Harada N, Okajima K, Murakami K, Isobe H, Liu W
Department of Laboratory Medicine, Kumamoto University School of Medicine, Honjo, Japan.
Prostaglandins Other Lipid Mediat. 1999 Jul;57(5-6):291-303. doi: 10.1016/s0090-6980(98)00077-x.
We investigated whether, in rats, gastric prostacyclin (PGI2) prevented gastric mucosal injury that was induced by water-immersion restraint stress by inhibiting leukocyte activation. Gastric levels of 6-keto-PGF1alpha, a stable metabolite of PGI2, increased transiently 30 min after stress, followed by a decrease to below the baseline 6-8 h after stress. Gastric mucosal blood flow decreased to approximately 40% of the baseline level 8 h after stress. Myeloperoxidase activity was significantly increased 8 h after stress. Treatment with indomethacin before stress inhibited the increase in 6-keto-PGF1alpha levels and markedly reduced mucosal blood flow. It also markedly increased leukocyte accumulation and mucosal lesion formation. Iloprost, a stable PGI2 analog, inhibited the indomethacin-induced decrease in mucosal blood flow, mucosal lesion exacerbation, and increase in leukocyte accumulation. Nitrogen mustard-induced leukocytopenia inhibited the indomethacin-associated lesion exacerbation and the increase in leukocyte accumulation, but not the decreases in mucosal blood flow. These observations indicate that gastric PGI2 decreases gastric mucosal lesion formation primarily by inhibiting leukocyte accumulation.

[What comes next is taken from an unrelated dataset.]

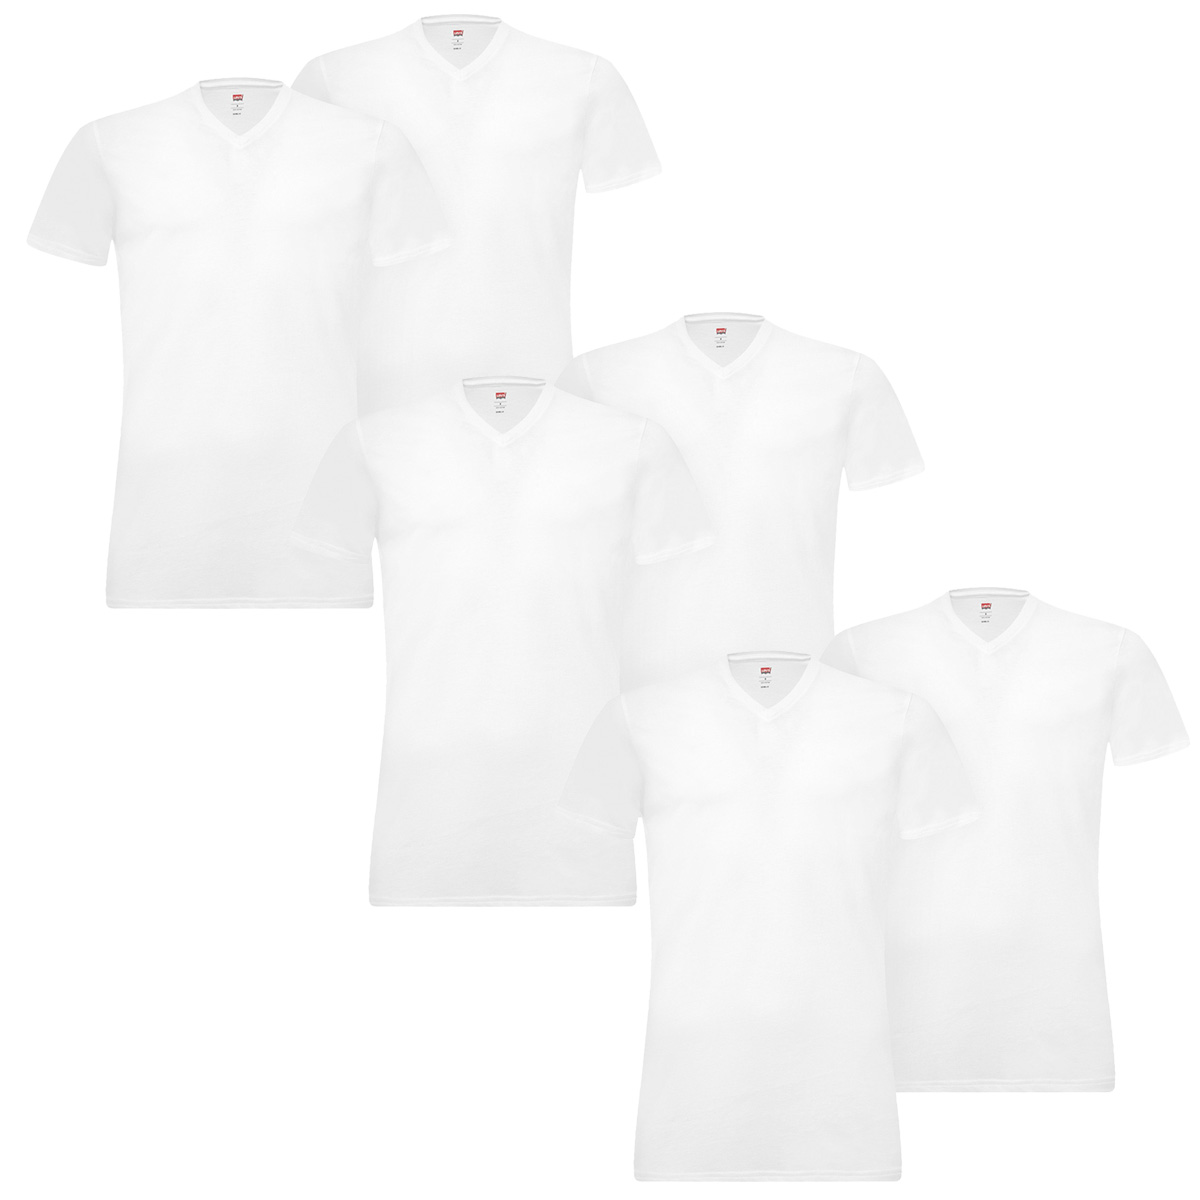 6 er Pack Levis 200SF V-Neck T-Shirt Men Herren Unterhemd V-Ausschnitt

我们研究了在大鼠中,胃前列腺素I2(PGI2)是否通过抑制白细胞活化来预防水浸束缚应激诱导的胃黏膜损伤。PGI2的稳定代谢产物6-酮-前列腺素F1α的胃内水平在应激后30分钟短暂升高,随后在应激后6 - 8小时降至基线以下。应激后8小时,胃黏膜血流量降至基线水平的约40%。应激后8小时,髓过氧化物酶活性显著增加。应激前用吲哚美辛治疗可抑制6-酮-前列腺素F1α水平的升高,并显著降低黏膜血流量。它还显著增加白细胞聚集和黏膜损伤形成。稳定的PGI2类似物伊洛前列素可抑制吲哚美辛诱导的黏膜血流量减少、黏膜损伤加重以及白细胞聚集增加。氮芥诱导的白细胞减少可抑制吲哚美辛相关的损伤加重和白细胞聚集增加,但不能抑制黏膜血流量的减少。这些观察结果表明,胃PGI2主要通过抑制白细胞聚集来减少胃黏膜损伤的形成。